What order of magnitude of keys do we have in total, millions, billions?
How much data do you need to store per key?
Are point queries to the data store efficient?
Does the data store support batch queries efficiently (e.g. select * from
table where key in (...))?
What percentage of keys are unique each day that weren't processed in the
past day, 3 days, 7 days, ...?

My first thought would be to have a streaming pipeline with a stateful DoFn
storing what you need per key but this is really dependent on having more
details about the pipeline.



On Thu, Mar 31, 2022 at 10:25 AM Alexey Romanenko <ar...@gmail.com>
wrote:

> Hi Johannes,
>
> Agree, it looks like a general data processing problem when you need to
> enrich a small dataset with a data from a large one. There can be the
> different solutions depending on your environment and available resources.
>
> At the first glance, your proposal sounds reasonable for me - so it’s
> mostly a question of how to optimise the number of requests to fetch the
> required processed entries. In this case, if you have some shard
> information, you can use it to group your input entries into bundles and do
> a request for that bundle instead of for every input record and to
> different shards.
>
> Additionally, you may consider to use a Bloom filter to pre-check if a
> needed record was already processed.
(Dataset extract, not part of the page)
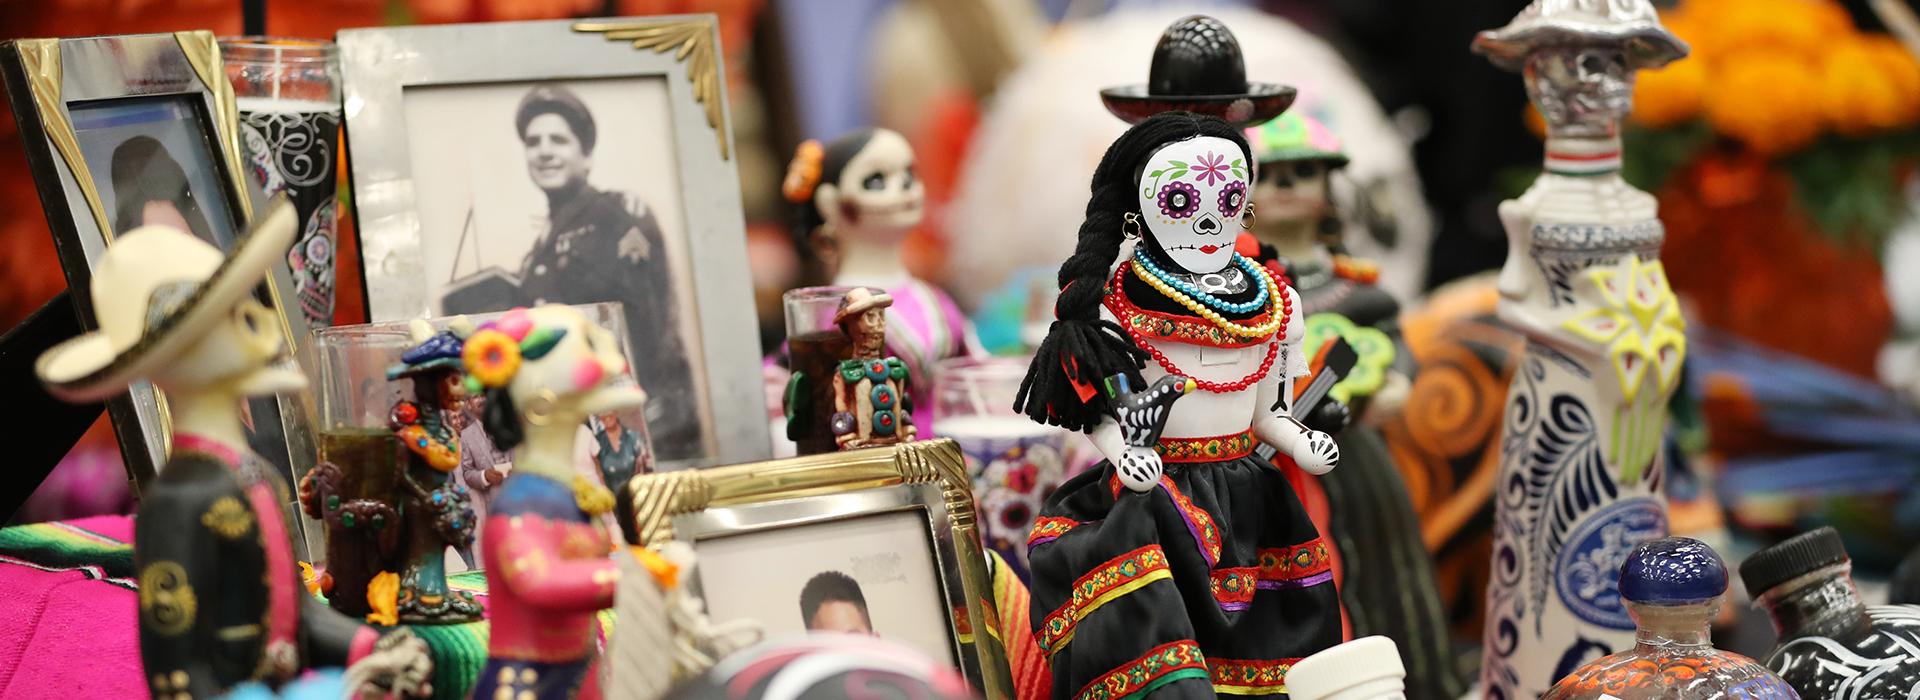 Cal State San Bernardino to celebrate Dia de los Muertos on Nov. 5

The advantage of this is that the size
> of that data structure is quite small even for a large number of keys and
> can be easily loaded before. Though, obviously, you would nee to update it
> with every batch run.
>
> What kind of storage do use to keep already processed data? Does it
> provide O(1) access to specific record or group of records?
> What are the approximate sizes of your datasets?
>
> —
> Alexey
>
> > On 31 Mar 2022, at 11:57, Johannes Frey <jf...@data-maniacs.ai> wrote:
> >
> > Hi Everybody,
> >
> > I'm currently facing an issue where I'm not sure how to design it
> > using apache beam.
> > I'm batch processing data, it's about 300k entries per day. After
> > doing some aggregations the results are about 60k entries.
> >
> > The issue that I'm facing now is that the entries from that batch may
> > be related to entries already processed at some time in the past and
> > if they are, I would need to fetch the already processed record from
> > the past and merge it with the new record.
> >
> > To make matters worse the "window" of that relationship might be
> > several years, so I can't just sideload the last few days worth of
> > data and catch all the relationships, I would need to on each batch
> > run load all the already processed entries which seems not to be a
> > good idea ;-)
> >
> > I also think that issuing 60k queries to always fetch the relevant
> > related entry from the past for each new entry is a good idea. I could
> > try to "window" it tho and group them by let's say 100 entries and
> > fire a query to fetch the 100 old entries for the current 100
> > processed entries... that would at least reduce the amount of queries
> > by 60k/100.
> >
> > Are there any other good ways to solve issues like that? I would
> > imagine that those situations should be quite common. Maybe there are
> > some best practices around this issue.
> >
> > It's basically enriching already processed entries with information
> > from new entries.
> >
> > Would be great if someone could point me in the right direction or
> > give me some more keywords that I can google.
> >
> > Thanks and regards
> > Jo
>
>